What you are asked to do | Pictures must not appear in the copy. Restate exactly the lines below from the one with "Canapé abatible de" through the one with "Oversvømmelser af åer", inclusive.

Data section |
<<<<

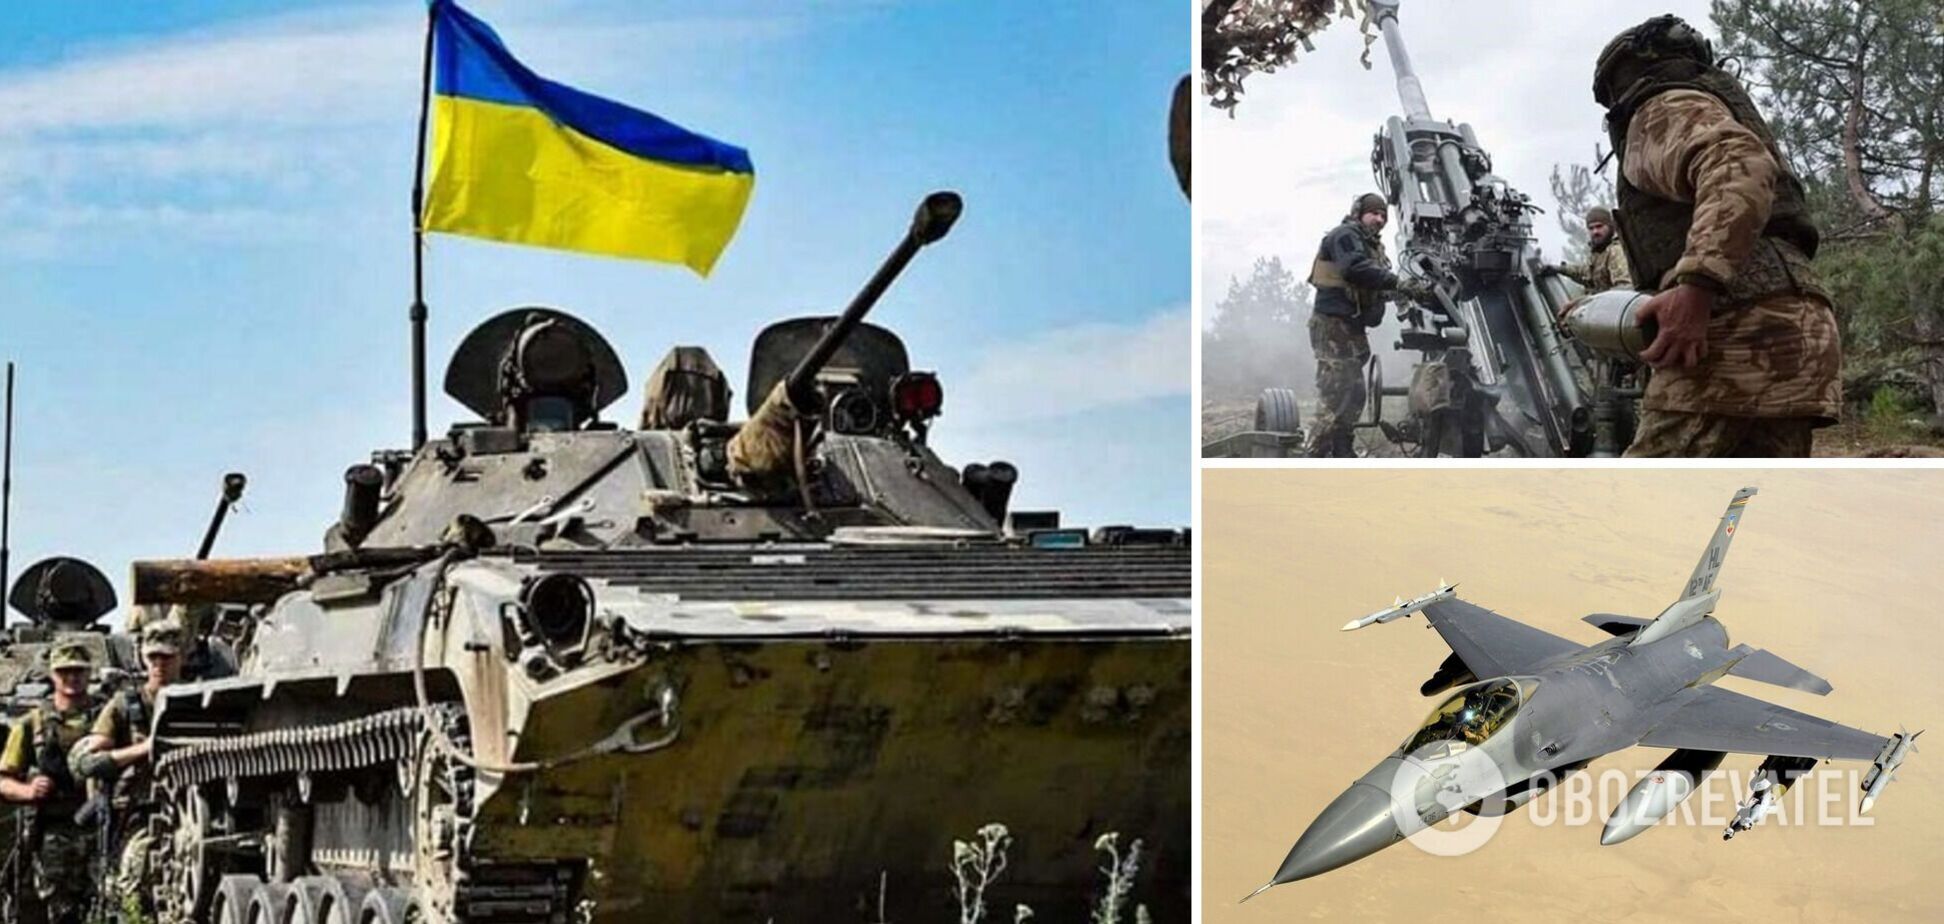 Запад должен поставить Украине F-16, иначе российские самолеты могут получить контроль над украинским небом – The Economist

>>>>
<<<<

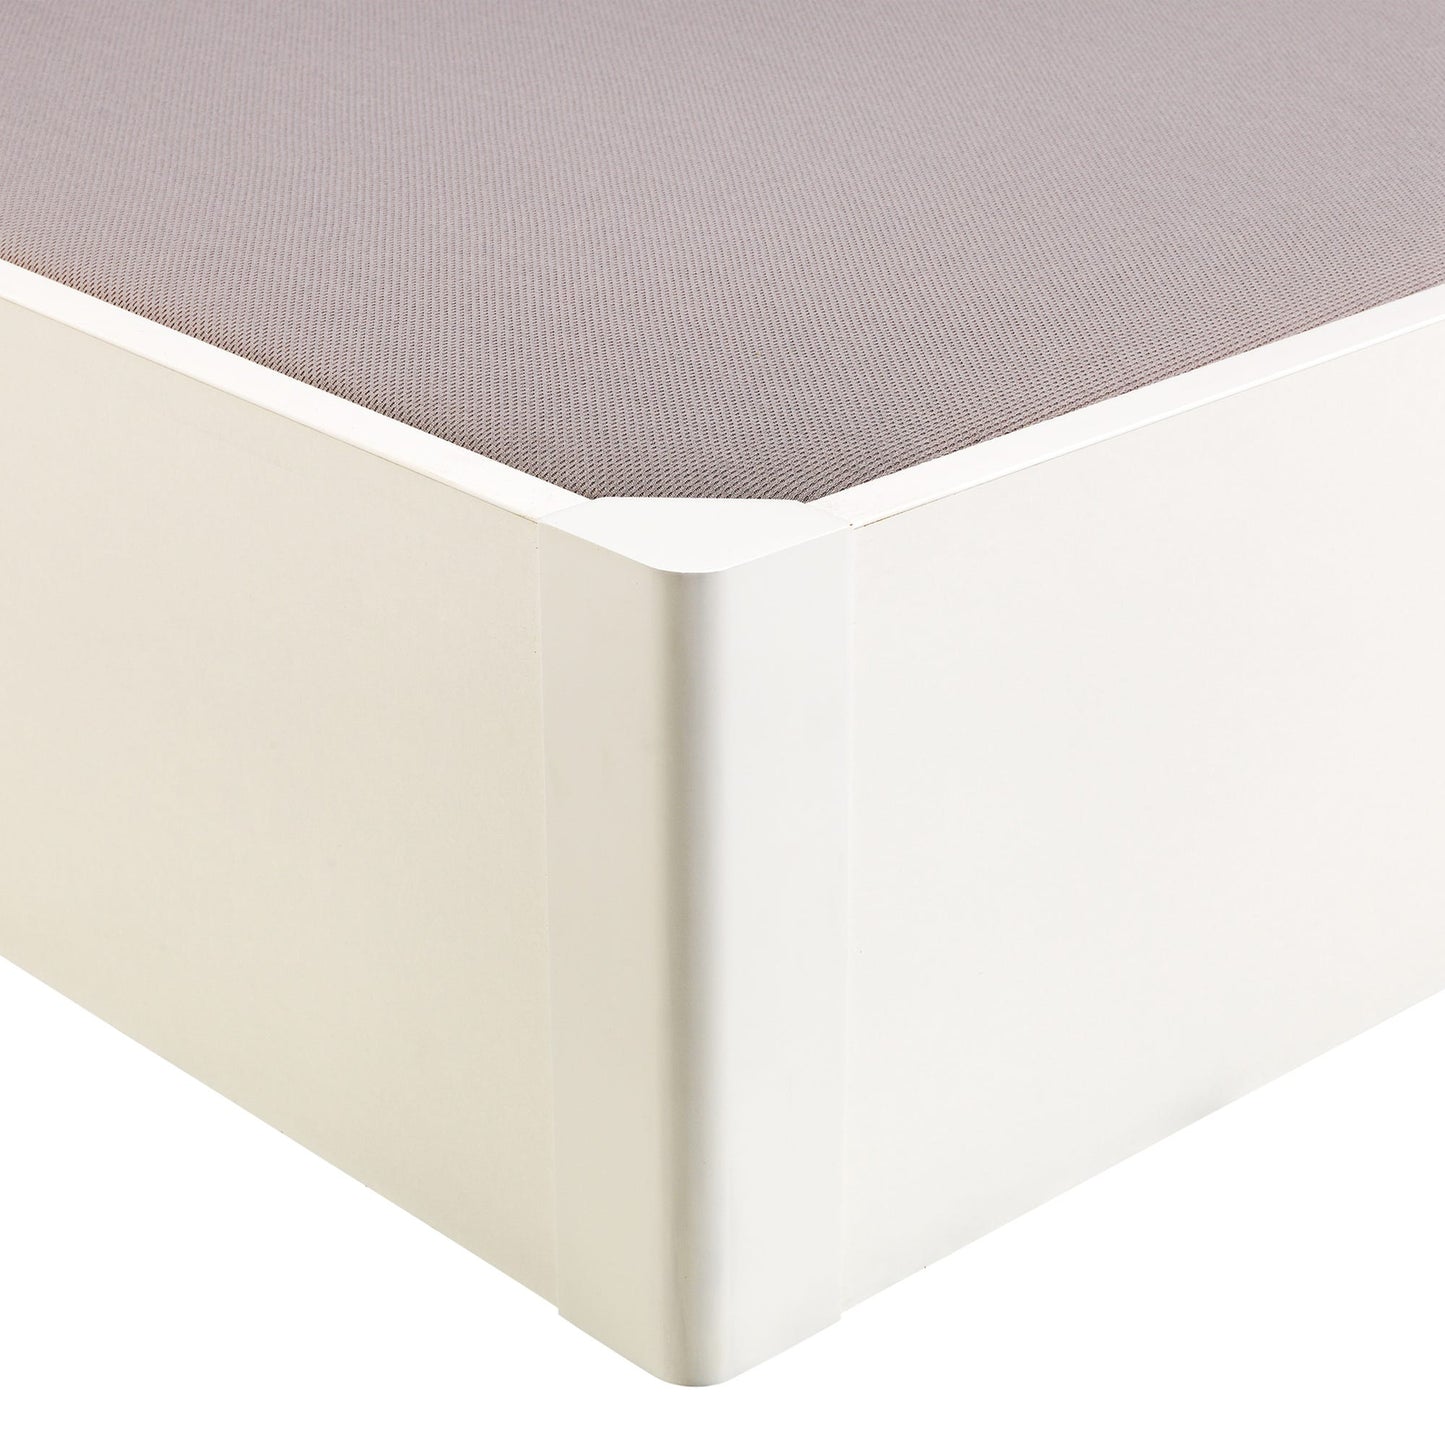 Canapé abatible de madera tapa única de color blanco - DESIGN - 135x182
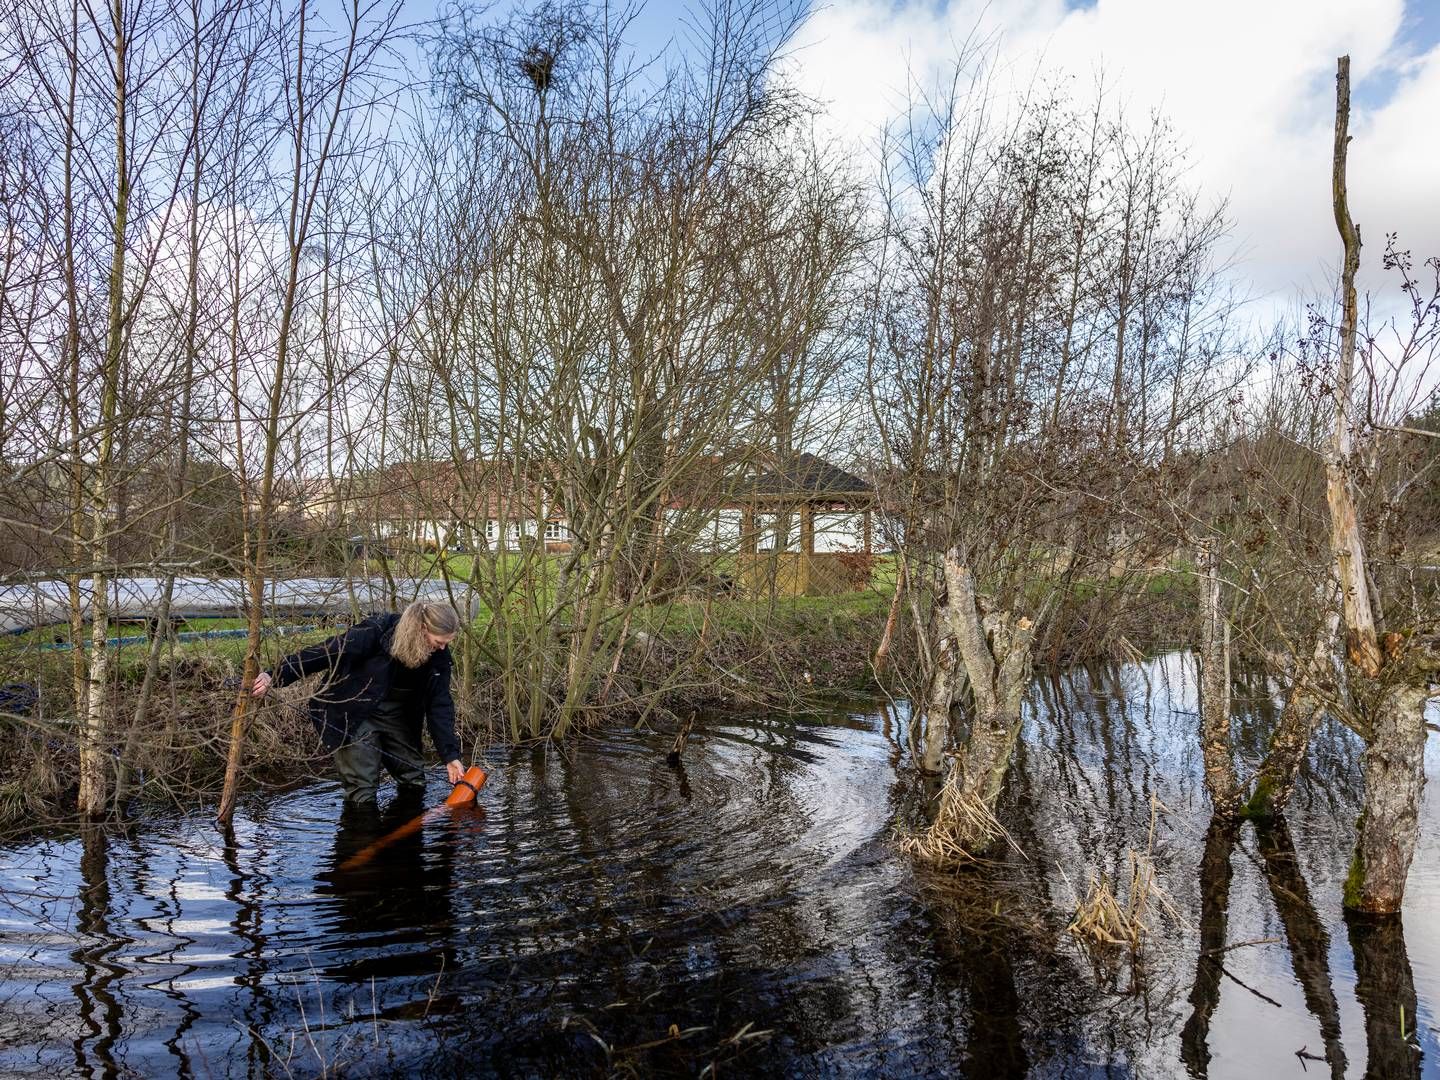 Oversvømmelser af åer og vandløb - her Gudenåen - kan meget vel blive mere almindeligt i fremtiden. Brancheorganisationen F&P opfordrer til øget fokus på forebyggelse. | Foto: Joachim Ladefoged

>>>>

Finished exercise |
 Canapé abatible de madera tapa única de color blanco - DESIGN - 135x182
 Oversvømmelser af åer og vandløb - her Gudenåen - kan meget vel blive mere almindeligt i fremtiden. Brancheorganisationen F&P opfordrer til øget fokus på forebyggelse. | Foto: Joachim Ladefoged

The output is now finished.